Task details
Which lines in the data below contain the word "Stock"? Pull each of them out.

[Source data]
++++++++++++++++++++

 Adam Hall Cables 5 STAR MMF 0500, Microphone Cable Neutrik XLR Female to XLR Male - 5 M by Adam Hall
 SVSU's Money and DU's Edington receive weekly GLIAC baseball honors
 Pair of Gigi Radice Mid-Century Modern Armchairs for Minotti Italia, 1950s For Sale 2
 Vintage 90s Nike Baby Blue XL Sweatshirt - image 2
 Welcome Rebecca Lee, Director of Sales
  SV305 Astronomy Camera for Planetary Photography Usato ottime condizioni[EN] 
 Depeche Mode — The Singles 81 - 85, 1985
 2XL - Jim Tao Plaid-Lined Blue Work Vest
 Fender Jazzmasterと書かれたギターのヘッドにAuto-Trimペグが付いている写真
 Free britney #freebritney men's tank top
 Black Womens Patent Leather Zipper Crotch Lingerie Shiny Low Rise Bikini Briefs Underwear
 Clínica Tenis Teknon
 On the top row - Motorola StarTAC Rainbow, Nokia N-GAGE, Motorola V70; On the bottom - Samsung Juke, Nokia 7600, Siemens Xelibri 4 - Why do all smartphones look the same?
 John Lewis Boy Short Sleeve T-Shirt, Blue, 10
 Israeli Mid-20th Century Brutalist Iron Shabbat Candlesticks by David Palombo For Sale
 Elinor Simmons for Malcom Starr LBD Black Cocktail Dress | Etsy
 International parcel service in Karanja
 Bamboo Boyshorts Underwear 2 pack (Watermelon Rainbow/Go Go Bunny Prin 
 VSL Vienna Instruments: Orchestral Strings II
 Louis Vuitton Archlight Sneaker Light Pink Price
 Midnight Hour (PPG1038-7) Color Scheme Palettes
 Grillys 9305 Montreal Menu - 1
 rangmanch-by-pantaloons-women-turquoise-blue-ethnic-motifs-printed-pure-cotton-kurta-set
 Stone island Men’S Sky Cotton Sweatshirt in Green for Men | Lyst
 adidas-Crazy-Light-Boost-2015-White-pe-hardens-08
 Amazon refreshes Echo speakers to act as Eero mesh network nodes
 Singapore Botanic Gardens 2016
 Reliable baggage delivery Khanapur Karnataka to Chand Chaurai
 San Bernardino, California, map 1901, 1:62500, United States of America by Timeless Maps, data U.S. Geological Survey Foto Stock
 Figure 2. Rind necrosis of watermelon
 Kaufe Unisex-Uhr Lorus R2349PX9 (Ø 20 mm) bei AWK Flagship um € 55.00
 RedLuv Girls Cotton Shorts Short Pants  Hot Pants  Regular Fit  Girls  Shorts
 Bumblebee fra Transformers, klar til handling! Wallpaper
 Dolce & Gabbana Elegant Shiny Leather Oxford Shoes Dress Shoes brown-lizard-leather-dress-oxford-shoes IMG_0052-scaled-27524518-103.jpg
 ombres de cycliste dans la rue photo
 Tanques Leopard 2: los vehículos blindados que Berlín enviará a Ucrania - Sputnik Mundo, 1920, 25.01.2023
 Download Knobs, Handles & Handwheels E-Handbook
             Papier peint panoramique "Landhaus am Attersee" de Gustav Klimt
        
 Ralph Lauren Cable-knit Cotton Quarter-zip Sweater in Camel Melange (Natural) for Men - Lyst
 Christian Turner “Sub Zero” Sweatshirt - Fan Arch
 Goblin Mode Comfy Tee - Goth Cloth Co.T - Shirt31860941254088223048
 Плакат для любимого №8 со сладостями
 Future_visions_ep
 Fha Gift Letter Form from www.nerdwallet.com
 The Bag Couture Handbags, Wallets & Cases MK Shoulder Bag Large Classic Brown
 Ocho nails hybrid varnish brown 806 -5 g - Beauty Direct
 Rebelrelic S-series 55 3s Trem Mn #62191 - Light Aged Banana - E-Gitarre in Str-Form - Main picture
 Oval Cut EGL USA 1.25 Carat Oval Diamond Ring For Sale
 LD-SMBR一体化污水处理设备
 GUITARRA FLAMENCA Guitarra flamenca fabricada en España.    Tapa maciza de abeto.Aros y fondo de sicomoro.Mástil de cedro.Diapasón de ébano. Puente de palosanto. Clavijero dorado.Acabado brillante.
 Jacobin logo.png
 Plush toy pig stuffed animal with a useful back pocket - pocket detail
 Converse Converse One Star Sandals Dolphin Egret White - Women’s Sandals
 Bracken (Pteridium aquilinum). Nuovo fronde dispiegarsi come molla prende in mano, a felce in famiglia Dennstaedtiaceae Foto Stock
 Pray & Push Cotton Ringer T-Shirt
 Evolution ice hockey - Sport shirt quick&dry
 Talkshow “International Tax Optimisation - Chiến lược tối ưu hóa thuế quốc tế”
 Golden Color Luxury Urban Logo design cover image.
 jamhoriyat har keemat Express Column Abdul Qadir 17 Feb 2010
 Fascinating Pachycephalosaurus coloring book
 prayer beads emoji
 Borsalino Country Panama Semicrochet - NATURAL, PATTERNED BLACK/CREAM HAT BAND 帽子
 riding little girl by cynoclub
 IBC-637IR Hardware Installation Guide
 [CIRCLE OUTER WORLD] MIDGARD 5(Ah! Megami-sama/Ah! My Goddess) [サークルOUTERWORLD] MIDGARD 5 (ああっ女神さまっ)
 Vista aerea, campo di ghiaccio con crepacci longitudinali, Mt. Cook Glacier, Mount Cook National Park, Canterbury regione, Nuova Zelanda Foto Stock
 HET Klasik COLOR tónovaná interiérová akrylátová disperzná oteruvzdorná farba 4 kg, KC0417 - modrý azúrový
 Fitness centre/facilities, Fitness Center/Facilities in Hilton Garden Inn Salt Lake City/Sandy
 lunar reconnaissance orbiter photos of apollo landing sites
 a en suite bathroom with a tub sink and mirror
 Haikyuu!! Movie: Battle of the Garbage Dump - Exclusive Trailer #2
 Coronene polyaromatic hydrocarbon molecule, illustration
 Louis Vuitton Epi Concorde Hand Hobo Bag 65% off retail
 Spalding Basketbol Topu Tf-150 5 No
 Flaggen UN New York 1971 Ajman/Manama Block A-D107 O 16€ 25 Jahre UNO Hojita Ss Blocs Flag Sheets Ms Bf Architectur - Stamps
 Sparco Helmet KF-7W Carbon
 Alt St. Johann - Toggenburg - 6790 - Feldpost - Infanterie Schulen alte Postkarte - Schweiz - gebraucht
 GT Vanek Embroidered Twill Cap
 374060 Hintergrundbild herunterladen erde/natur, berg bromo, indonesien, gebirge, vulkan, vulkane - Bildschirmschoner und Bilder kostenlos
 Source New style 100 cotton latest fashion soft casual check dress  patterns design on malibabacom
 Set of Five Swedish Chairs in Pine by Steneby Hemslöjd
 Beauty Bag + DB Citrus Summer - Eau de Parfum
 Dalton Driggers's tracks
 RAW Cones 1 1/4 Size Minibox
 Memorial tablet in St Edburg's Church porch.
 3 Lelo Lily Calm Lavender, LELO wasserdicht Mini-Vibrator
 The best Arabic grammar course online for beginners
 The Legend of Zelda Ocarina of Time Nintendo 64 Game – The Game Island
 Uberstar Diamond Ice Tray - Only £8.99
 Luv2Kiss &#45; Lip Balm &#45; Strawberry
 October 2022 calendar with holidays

++++++++++++++++++++

Output of the exercise
 San Bernardino, California, map 1901, 1:62500, United States of America by Timeless Maps, data U.S. Geological Survey Foto Stock
 Bracken (Pteridium aquilinum). Nuovo fronde dispiegarsi come molla prende in mano, a felce in famiglia Dennstaedtiaceae Foto Stock
 Vista aerea, campo di ghiaccio con crepacci longitudinali, Mt. Cook Glacier, Mount Cook National Park, Canterbury regione, Nuova Zelanda Foto Stock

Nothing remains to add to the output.